C - Sort two arrays the same way

Question

So I have two arrays (pointers actually), lets call them a and b. I want to first sort a, then save the exact swaps I did to get that sorted array and apply them to my vector b. Here's a short example of what I mean:

int *a, *b;
//appropriate mallocs
a[0] = 2; a[1] = 3; a[2] = 1;
b[0] = 4; b[1] = 2; b[2] = 3;
//sort a in decreasing order --> a==[3, 2, 1]
//sort b based on sorting of a --> b==[2, 4, 3]

How I could achieve this without writing my own sort function?

Answer 1

This example does what the original question asked for, it sorts two (or more) arrays the same way, without having to combine the array elements into a common structure.

It uses an array of pointers, so the compare function does not need to know which array it is sorting, only the type of the elements being sorted. It could be modified to sort multiple arrays according to one of the arrays.

It creates an array of pointers to a[], uses qsort() to sort the array of pointers according to a[], then uses the sorted pointers to reorder both a[] and b[] in place (with the side effect that the sorted pointers are restored to their initial state).

The reordering time complexity is O(n) as each store places an element in its sorted position.

#include <stdio.h>
#include <stdlib.h>

int compare(const void *pp0, const void *pp1)
{
    int i0 = **(int **)pp0;
    int i1 = **(int **)pp1;
    if(i0 > i1)return -1;
    if(i0 < i1)return  1;
    return 0;
}

int main()
{
    int a[3] = {2, 3, 1};
    int b[3] = {4, 3, 2};
    int *pa[3];
    size_t i, j, k;
    int ta, tb;

    /* create array of pointers to a[] */
    for(i = 0; i < sizeof(a)/sizeof(a[0]); i++)
        pa[i] = &a[i];

    /* sort array of pointers */
    qsort(pa, sizeof(a)/sizeof(a[0]), sizeof(pa[0]), compare);

    /* reorder a[] and b[] according to the array of pointers */
    for(i = 0; i < sizeof(a)/sizeof(a[0]); i++){
        if(i != pa[i]-a){
            ta = a[i];
            tb = b[i];
            k = i;
            while(i != (j = pa[k]-a)){
                a[k] = a[j];
                b[k] = b[j];
                pa[k] = &a[k];
                k = j;
            }
            a[k] = ta;
            b[k] = tb;
            pa[k] = &a[k];
        }
    }

    for(i = 0; i < sizeof(a)/sizeof(a[0]); i++)
        printf("%2d ", a[i]);
    printf("\n");

    for(i = 0; i < sizeof(a)/sizeof(a[0]); i++)
        printf("%2d ", b[i]);
    printf("\n");

    return 0;
}

Answer 2

// i am going to submit the idea not the code.

    int *a,*b;
    int *ord; // an array that holds indexes (sorting orders)

//...

    a[ord[0]] = 2; a[ord[1]] = 3; a[ord[2]] = 1;
    b[ord[0]] = 4; b[ord[1]] = 2; b[ord[2]] = 3;

//...
//now you have just to sort the indexes array ord

Answer 3

This is not solvable as requested, the sort functions don't expose the swaps they perform.

However, it seems that the result could be achieved with a struct.

struct combined {
   int a_;
   int b_;
};

Where the qsort function tests the a_ element, but also sorts the b_ data.

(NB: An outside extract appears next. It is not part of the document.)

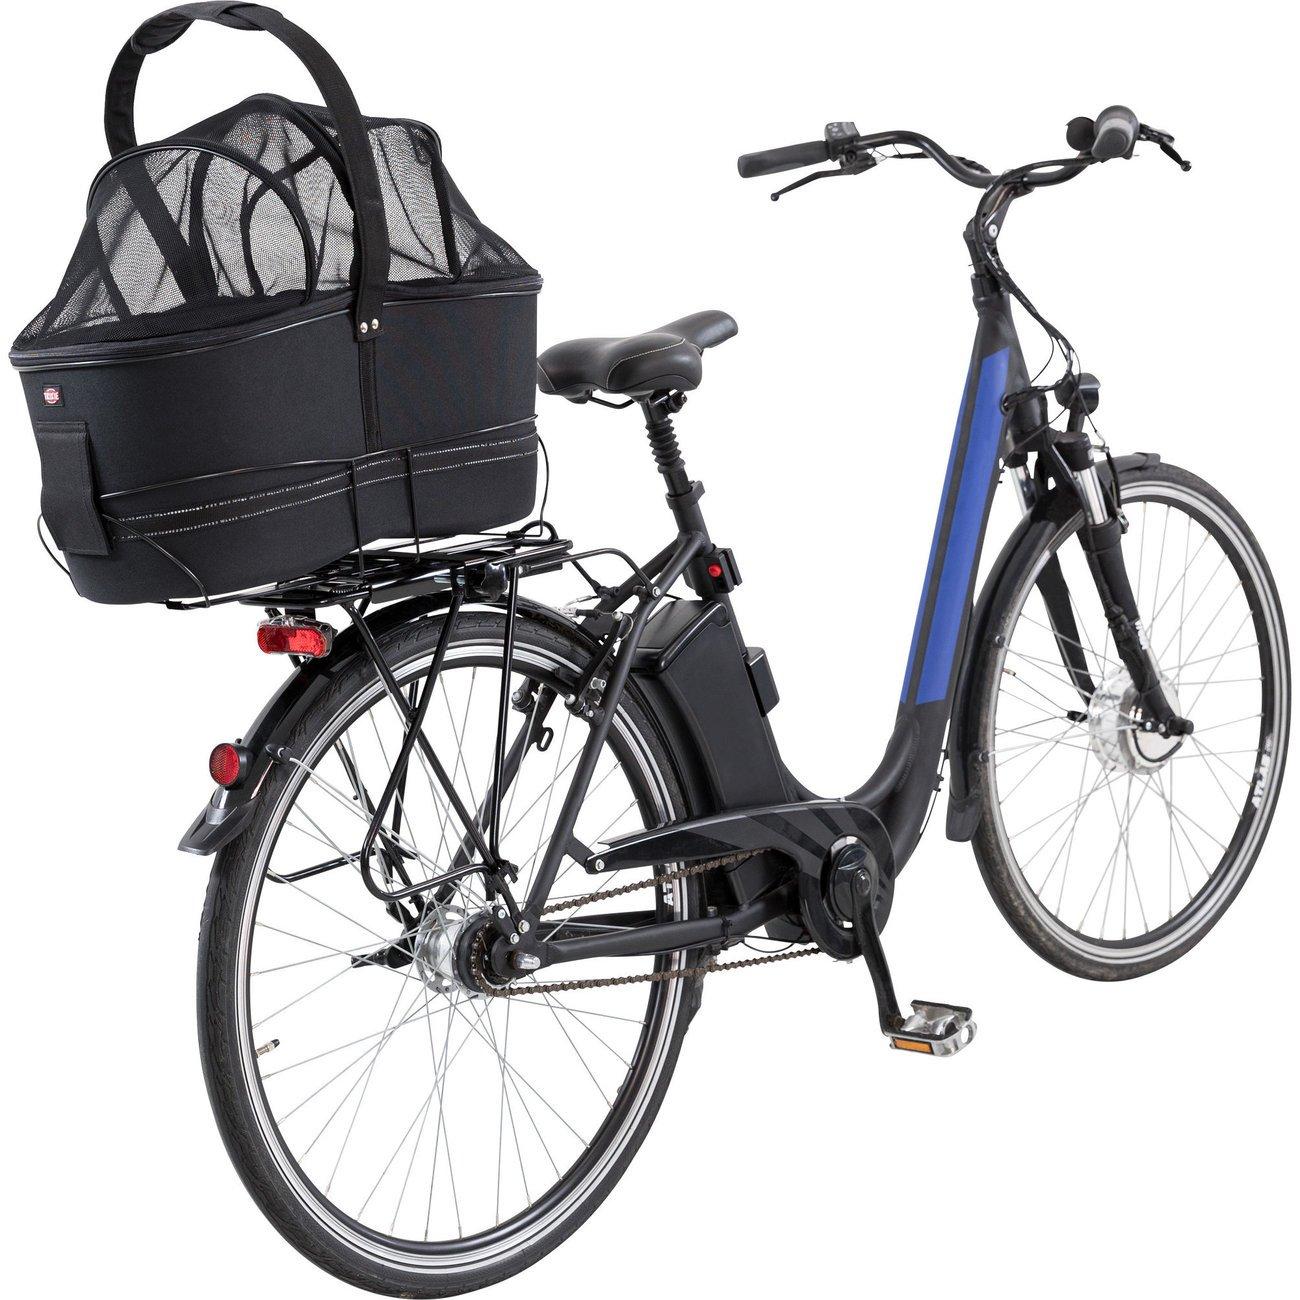 TRIXIE Hunde Fahrradkorb Long für breite Gepäckträger 13110, Bild 24

Again, this requires a comparison function

 int compare( const void * l, const void * r )
 {
     struct combined * _l= (struct combined *)l;
     struct combined * _r= (struct combined *)r;
     if( _l->a_ > _r->a_ ) return -1; // reverse sort
     if( _l->a_ < _r->a_ ) return 1;
     return 0;
 }

finally

 struct combined array[] = { {2,4}, {3,2}, {1,3} };
 qsort( array, 3, sizeof( struct combined), compare );

 array => { {3,2}, {2,4}, {1,3} };

Answer 4

The better solution is to group the data into an array of structures, then sort that based on the desired key (i.e. the a values):

struct my_data {
  int a;
  int b;
};

struct my_data data[100];

static int data_cmp(const void *a, const void *b)
{
  const struct my_data *da = a, *db = b;

  return da->a < db->a ? -1 : da->a > db->a;
}

qsort(data, sizeof data / sizeof *data, sizeof *data, data_cmp);

This uses qsort() to sort, which is typically highly desirable.